What is newer about AI is that the exponential increases in computing capacity achieved over the last five to 10 years have greatly expanded its potential and increased the power of the tools that bring it to life, including natural language processing and machine learning. AI seeks to adapt to its environment—mimicking, replicating, and even replacing human cognition. It can recognize speech, translate languages, perceive visual images, and make decisions. AI can accomplish tasks humans cannot. For example, over 70% of claims can have some flag for fraud. It is commercially impossible to manually check such a high hit rate, but AI can be trained to close the gap.

Such capabilities are why AI is a transformative business technology. For insurers, AI can unlock new business value via enhanced experiences, improved forecasts and predictions, better processes, and uniform consistency of claims.

Yet, even as insurers embrace AI, they need to be wary of being seduced by the AI hype cycle. When insurers get caught up in the media frenzy and worry about missing their window to adopt AI, they are more likely to miss out on AI’s measurable benefits because the fundamentals get lost. In AI’s case, those include conducting a traditional cost-benefit analysis, and addressing serious and complicated ethical and accountability questions.

To achieve meaningful business results by putting AI to work in claims management, insurers must be clear about the problem they want to solve, consider whether AI is the right solution, and recognize the challenges to mitigate when applying AI. Here, we’ll look at these opportunities and issues.
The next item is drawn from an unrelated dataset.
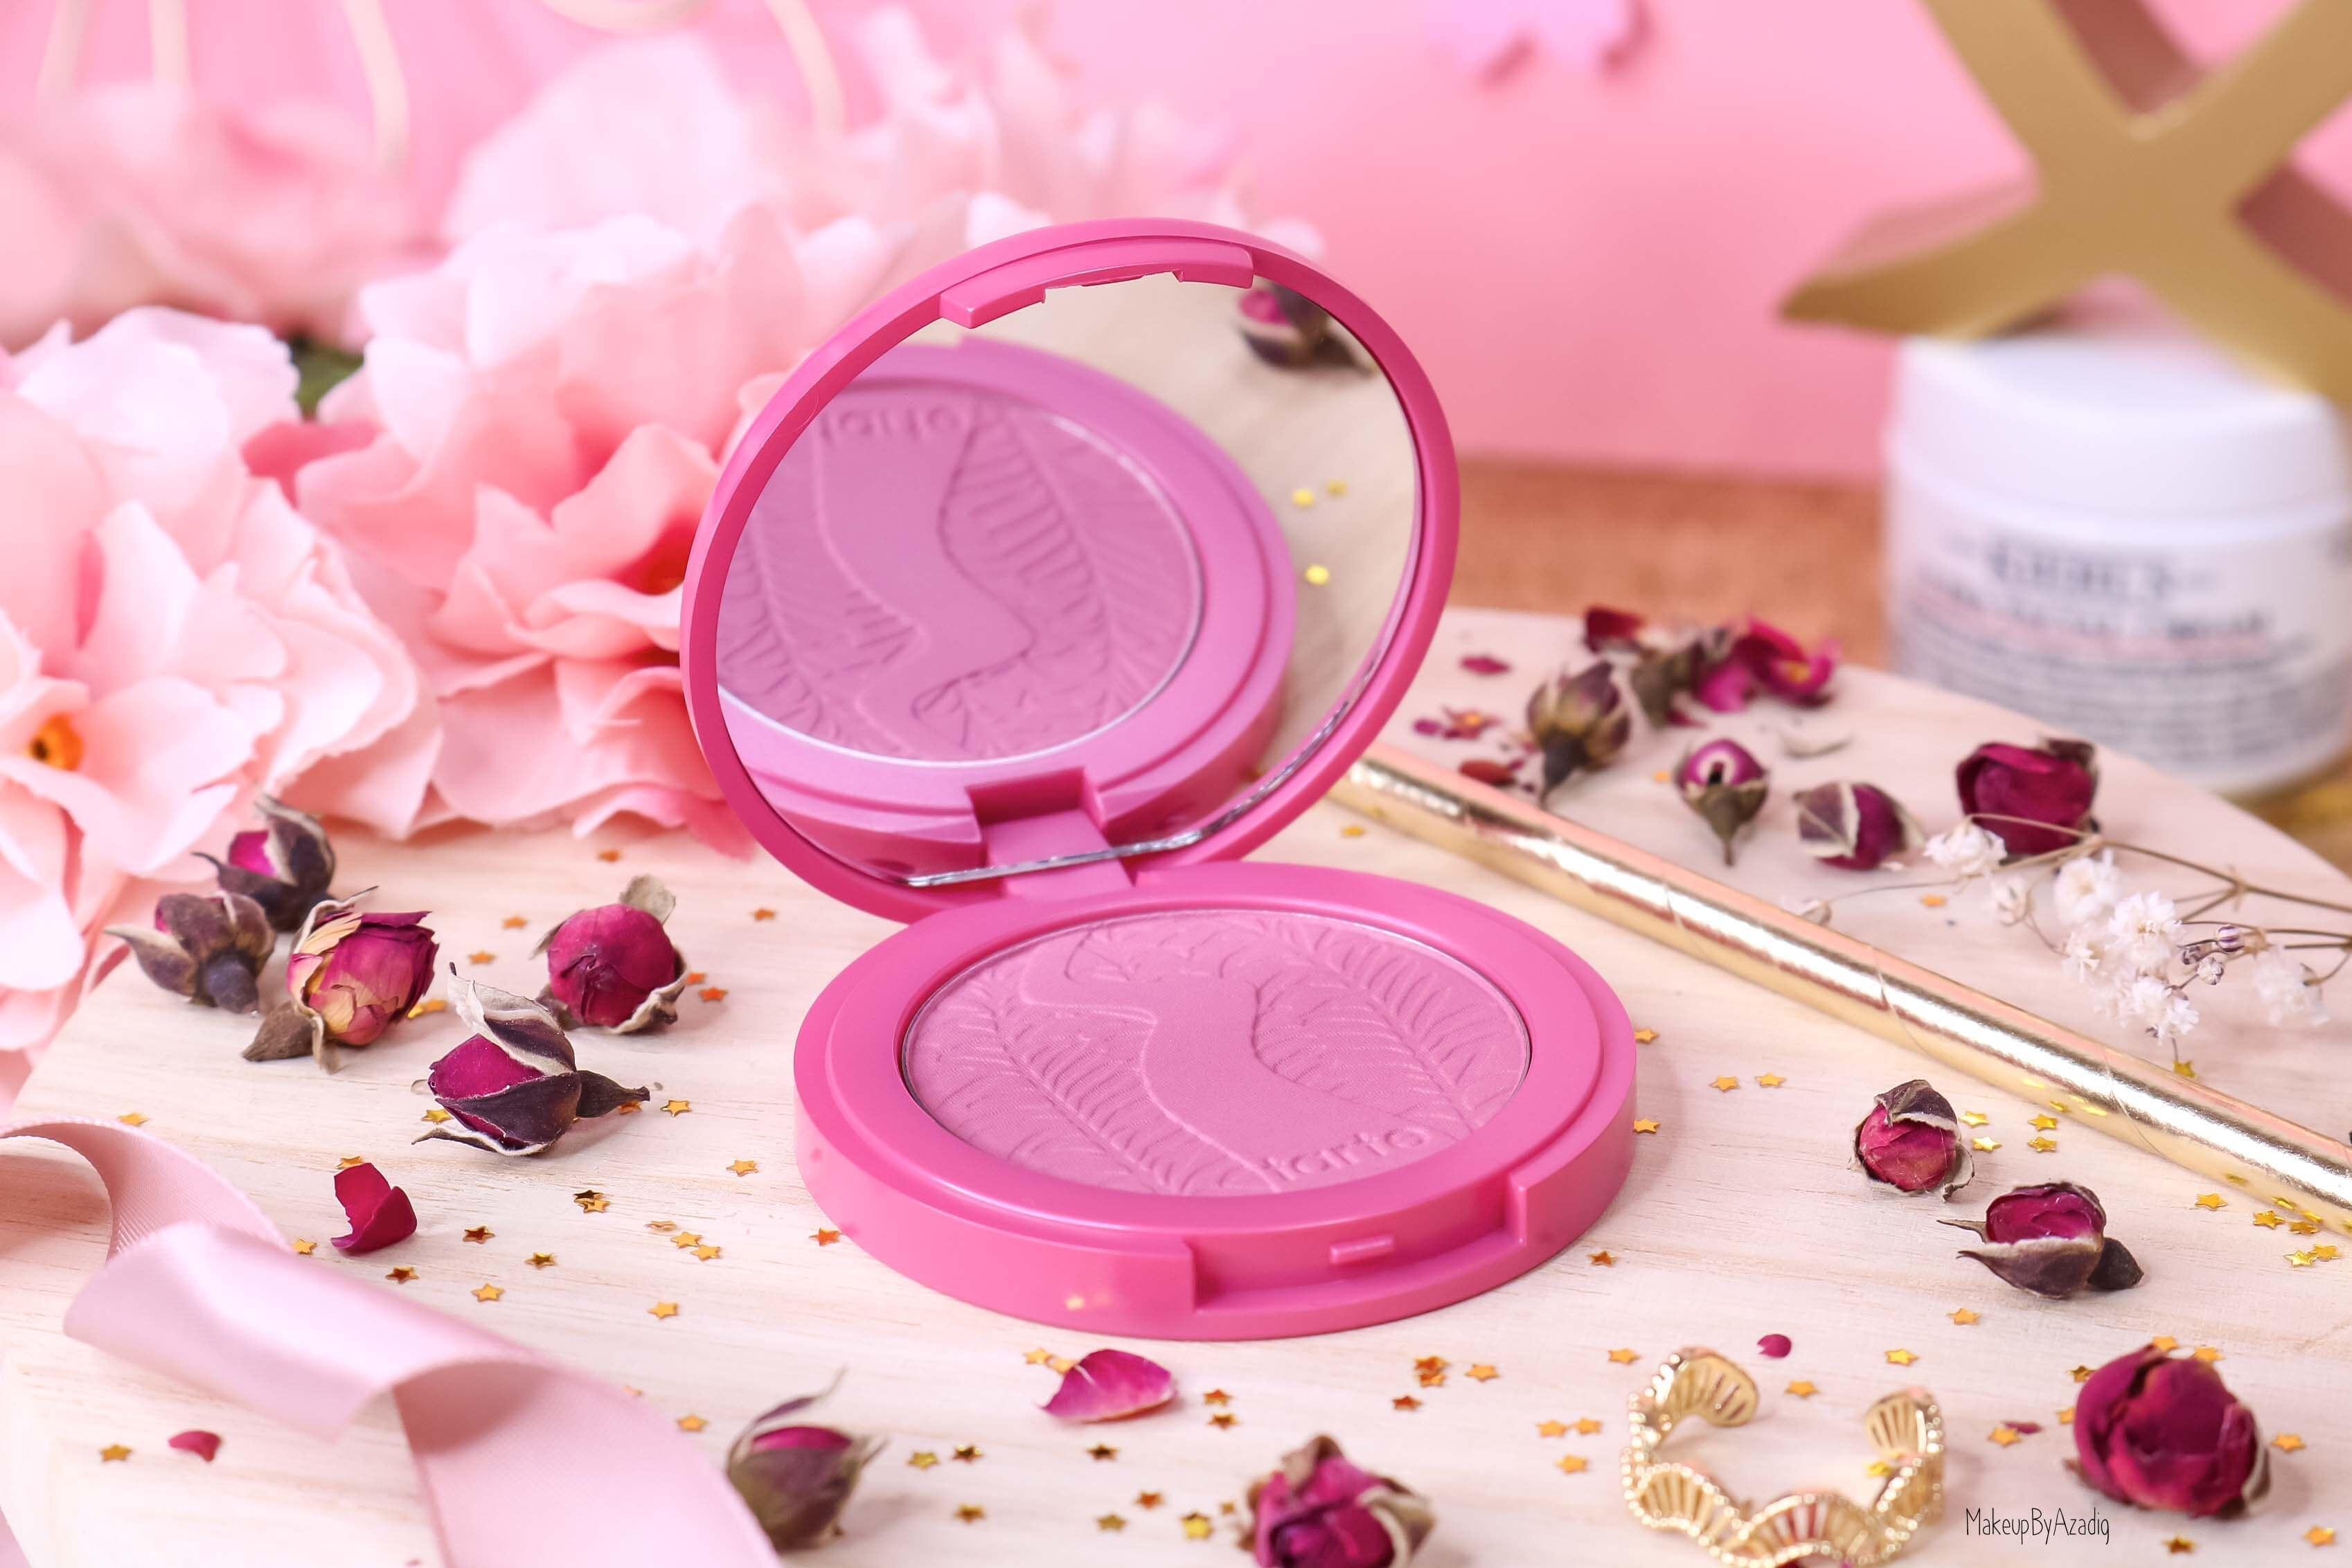 revue-blush-amazonian-clay-tarte-cosmetics-makeupbyazadig-sephora-france-blushing-bride-swatch-avis-prix-miniature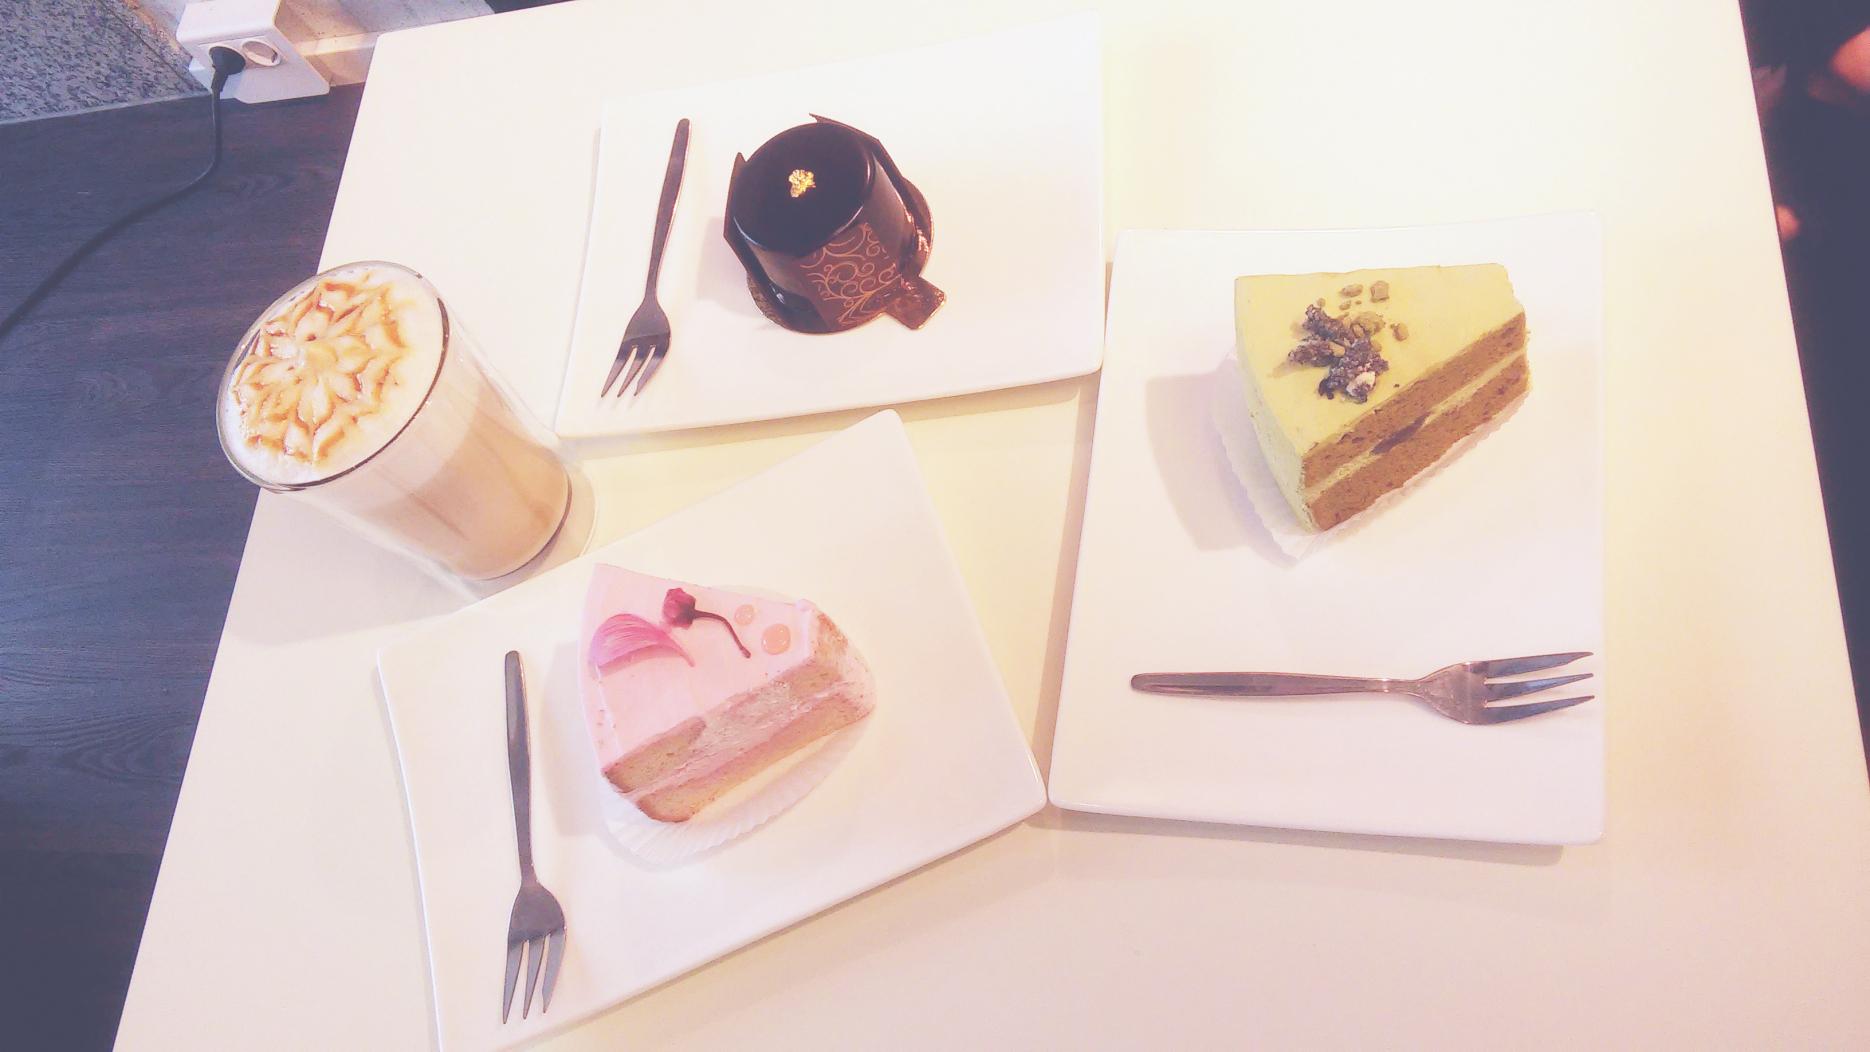 CAFÉ CERISIER: JAPANESE CAKES IN DÜSSELDORF

Where AI Works in the P&C Value Chain

AI has shown great promise across the P&C insurance value chain and within claims management. AI can shine in the following functions:

Claims segmentation. Algorithms can quickly calculate the cost and risk of a claim, determining whether it requires special handling based on the timing of its filing, the customer who filed it, and the type of claim. AI can evaluate the impact of these variables over the claim’s lifecycle, generating assignments and escalations as complexities emerge that require intervention.

Predict total loss/required reserves sooner, with greater accuracy. AI can provide fast, accurate predictions about how much a claim will cost. AI model and algorithm accuracy will improve as more data about the types and classes of claims become available. That information can help the claims adjuster comply with best practices, improve quality, and accelerate decision-making. This makes it possible to understand reserve requirements sooner, leading to a more accurate financial picture and better reserve management.

Damage assessments. AI can compare photos of a pristine piece of construction equipment against images of equipment that has been damaged, identify the damaged segment, and predict the likelihood of damage hiding behind the visible segment. It can also research the cost and availability of the required replacement parts from different vendors and forecast the repair timeline. Algorithms could also determine cost and availability of interim rental equipment covered by a policy so insurers can manage insureds’ expectations more quickly and transparently based upon their policies.

Propensity to litigate. Insurers can consider more detailed factors when making litigation vs. settlement decisions with insights derived from AI. AI can identify the pertinent laws in the relevant jurisdiction. It can also identify the law firms handling such cases and their success rate, as well as forecast the ultimate potential settlement.

Subrogation. AI models can determine the likelihood another entity was at fault and identify the relevant insurance company to improve loss offset.

The Caveats

While the benefits of these AI applications are real, so are the potential pitfalls. Insurers must recognize and address the following issues when considering what business problems and opportunities to address with AI.

Responsibility. Accountability for how AI applications behave is a combined business and technology issue. The insurer is responsible for the AI applications it develops. It is also responsible for the decisions made by any AI software it licenses or white-label applications it uses under its own brand. In other words, an insurance company must validate the decisions of all AI tools it uses.

Bias and transparency. All AI models are inherently biased. Bias is inescapable because models are based on past human experiences. Give an algorithm a historic data set and it will learn the biases in that data. It is the insurer who must recognize potential bias.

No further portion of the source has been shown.